Negli ultimi anni, per rendere meno traumatico il passaggio dalla Serie A alla Serie B, è stato introdotto il cosiddetto “paracadute retrocessione”: un meccanismo economico pensato per aiutare i club ad assorbire il forte calo degli introiti televisivi e commerciali.

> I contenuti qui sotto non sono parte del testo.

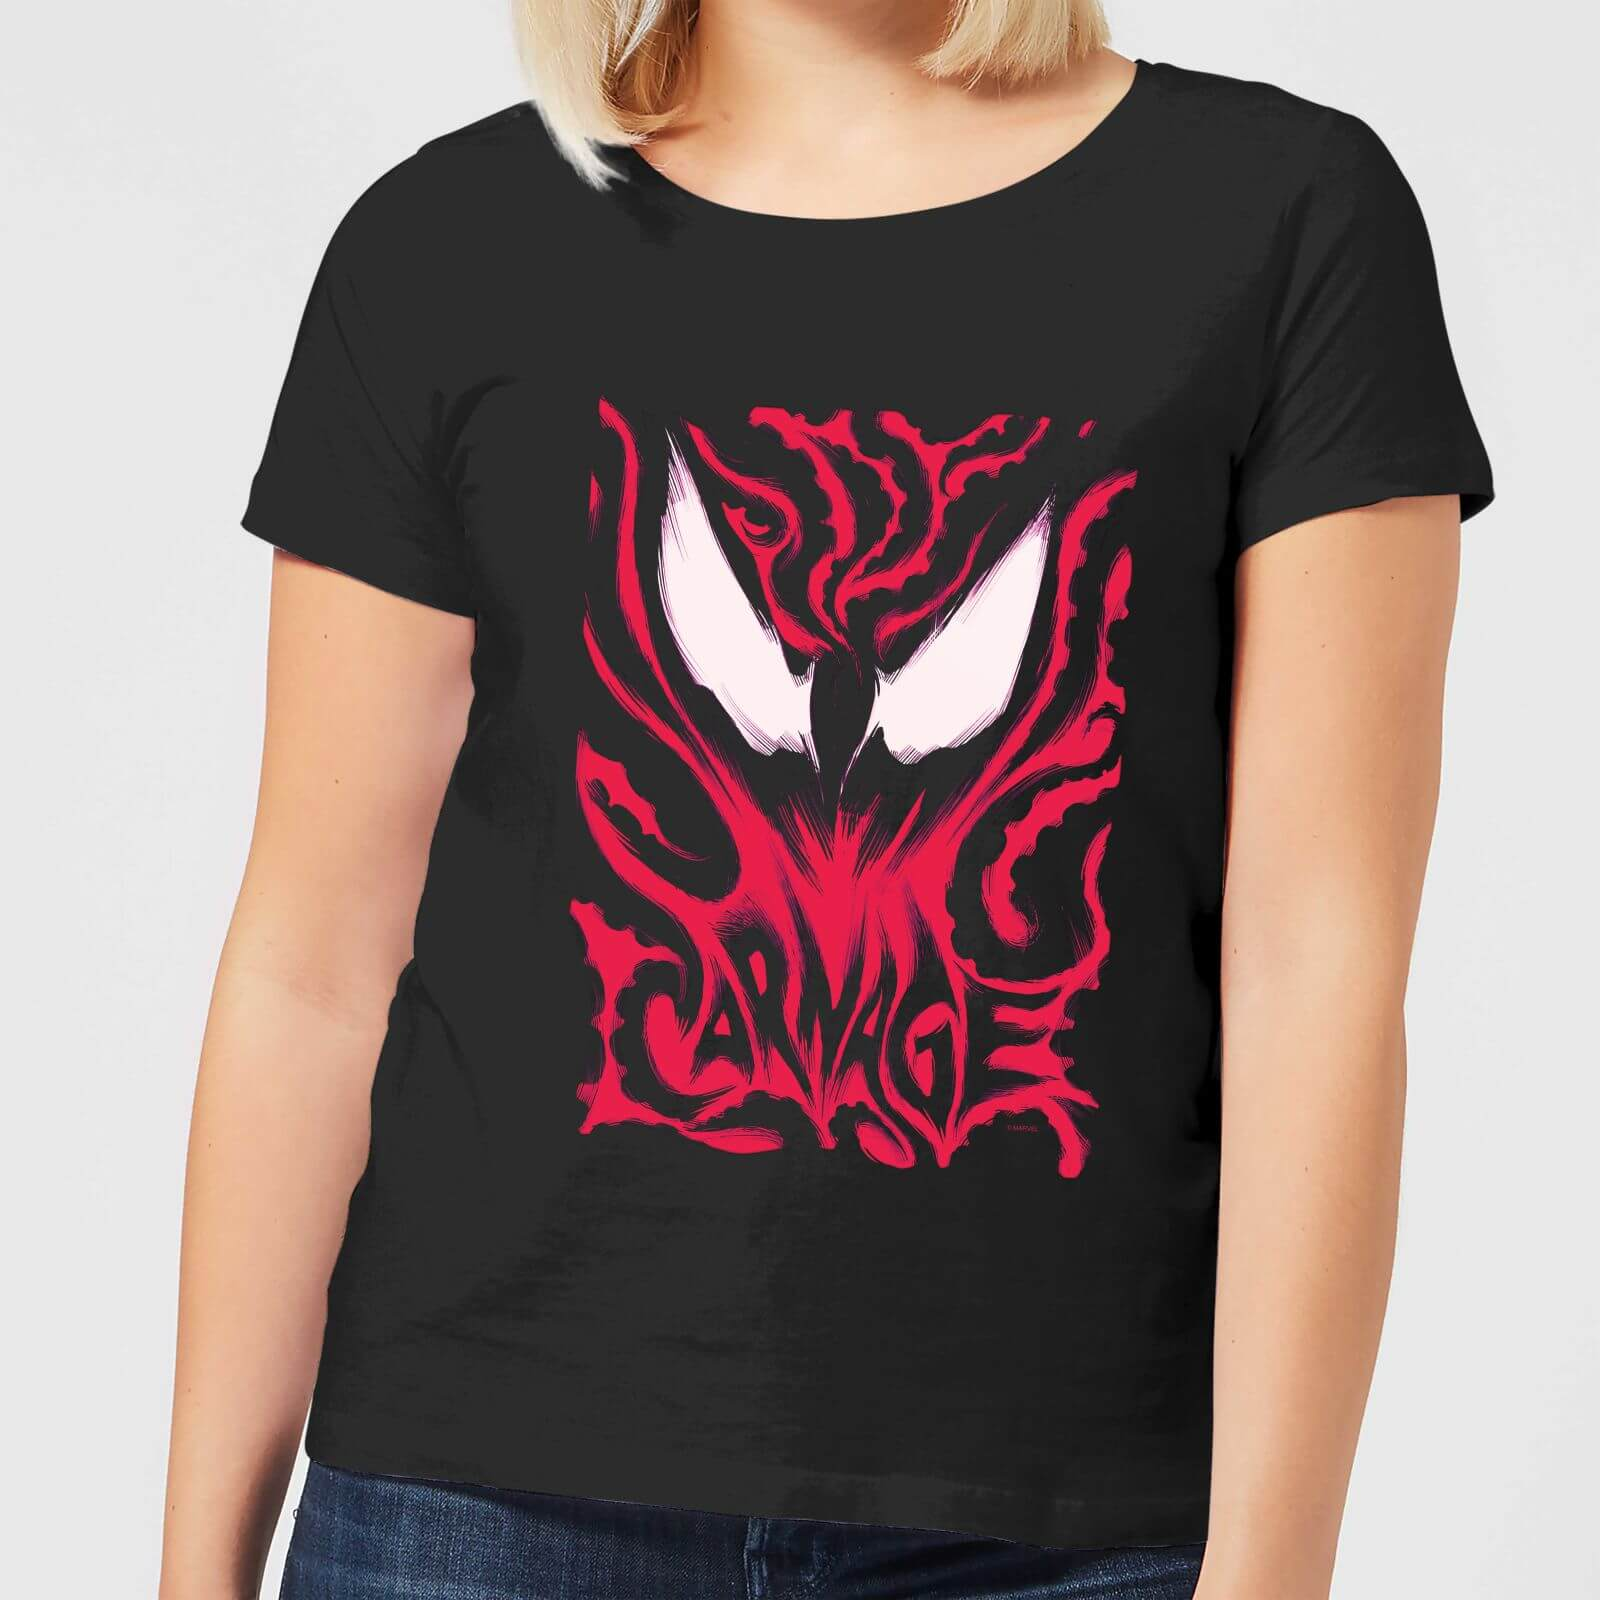 4145d0bb0 Camiseta Marvel Venom Matanza - Mujer - Negro Clothing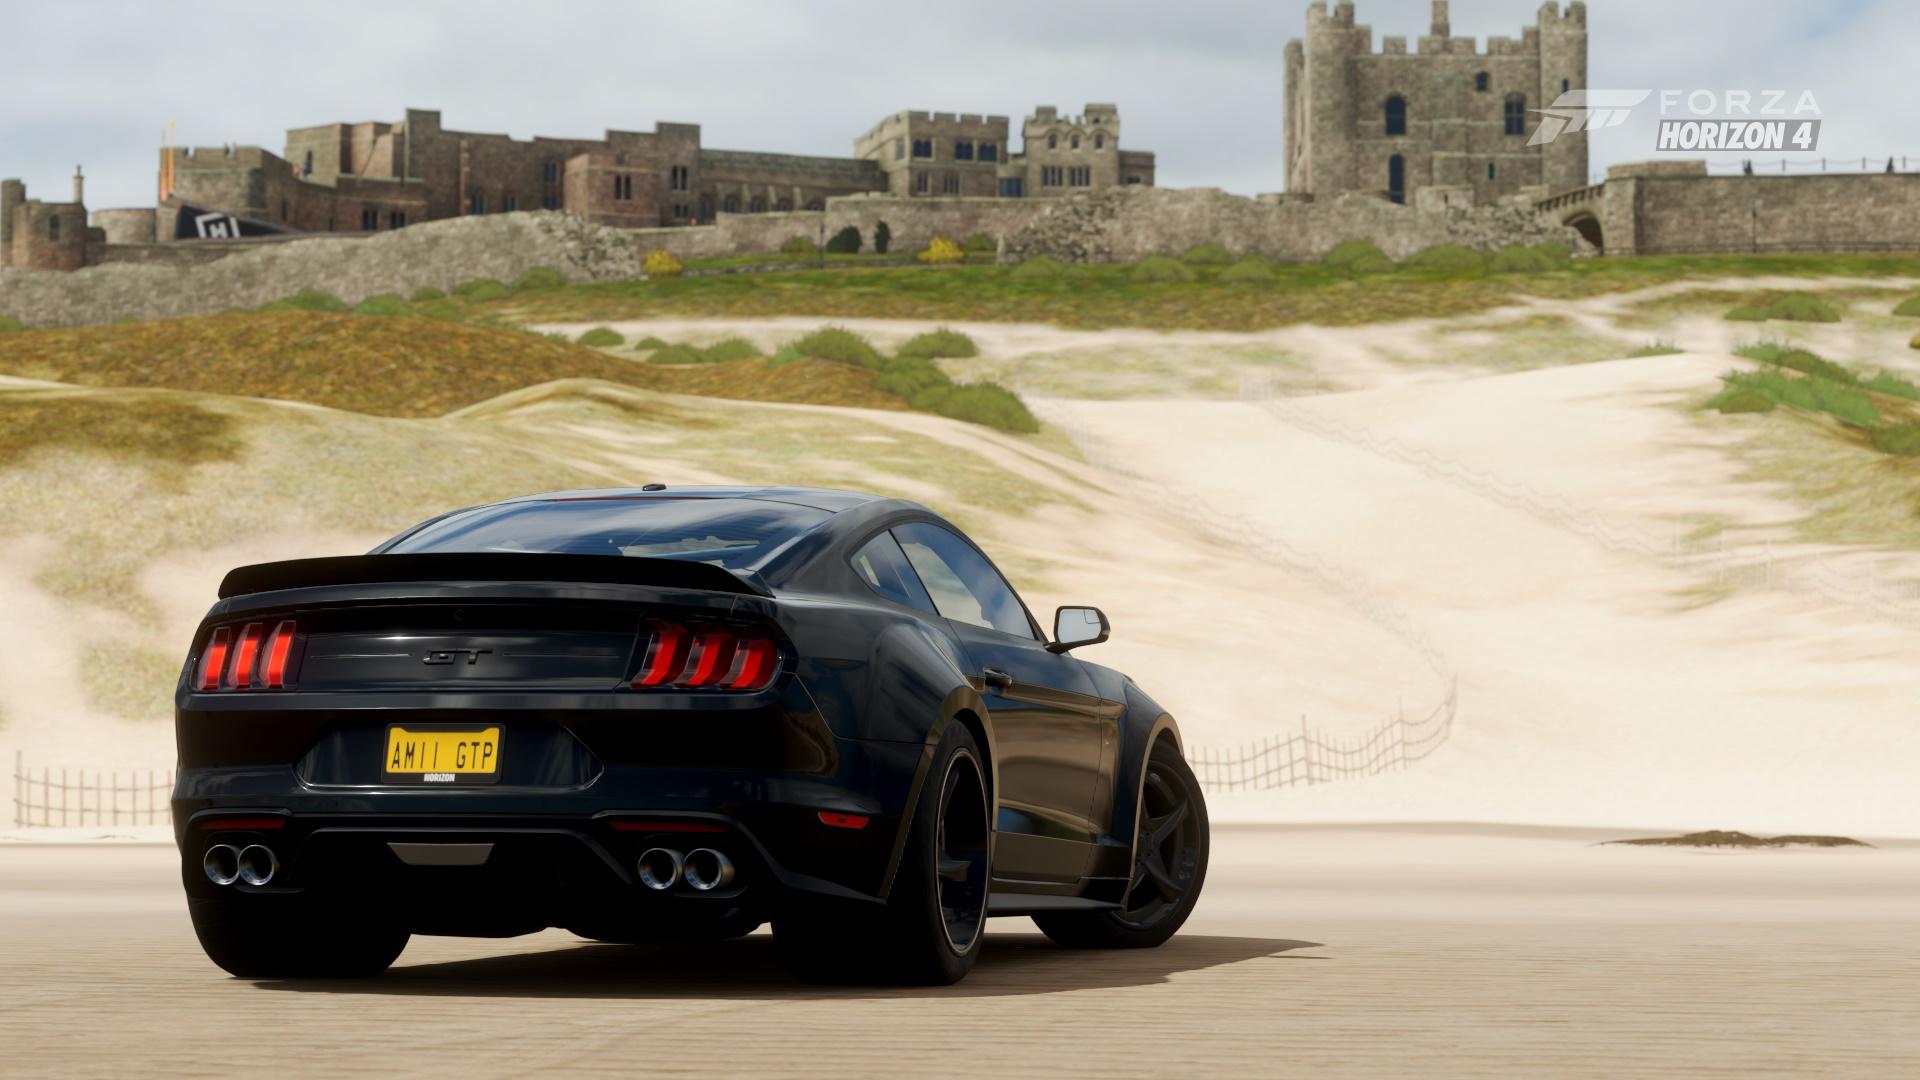 Custom G Wagon >> A Custom Mustang and Lamborghini Spyder Race into Forza Horizon 4 Today

Secondo il regolamento FIGC, alle squadre retrocesse vengono destinati complessivamente 60 milioni di euro, suddivisi in tre fasce differenti in base alla permanenza in Serie A negli ultimi anni.
Come funziona il paracadute Serie A
Le società retrocesse vengono divise in tre categorie:
- Fascia A: 10 milioni di euro
- Fascia B: 15 milioni di euro
- Fascia C: 25 milioni di euro
Nella Fascia A rientrano le neopromosse retrocesse dopo una sola stagione in Serie A.
La Fascia B comprende invece i club che hanno disputato almeno due stagioni di Serie A nelle ultime tre.
Infine, la Fascia C riguarda le squadre con almeno tre stagioni di Serie A nelle ultime quattro: sono quindi quelle che ricevono la quota più alta.
La corsa salvezza e i possibili incassi
A novanta minuti dalla fine del campionato di Serie A, Hellas Verona e Pisa sono già matematicamente retrocesse. Resta invece ancora aperta la lotta tra Lecce e Cremonese, separate da un solo punto.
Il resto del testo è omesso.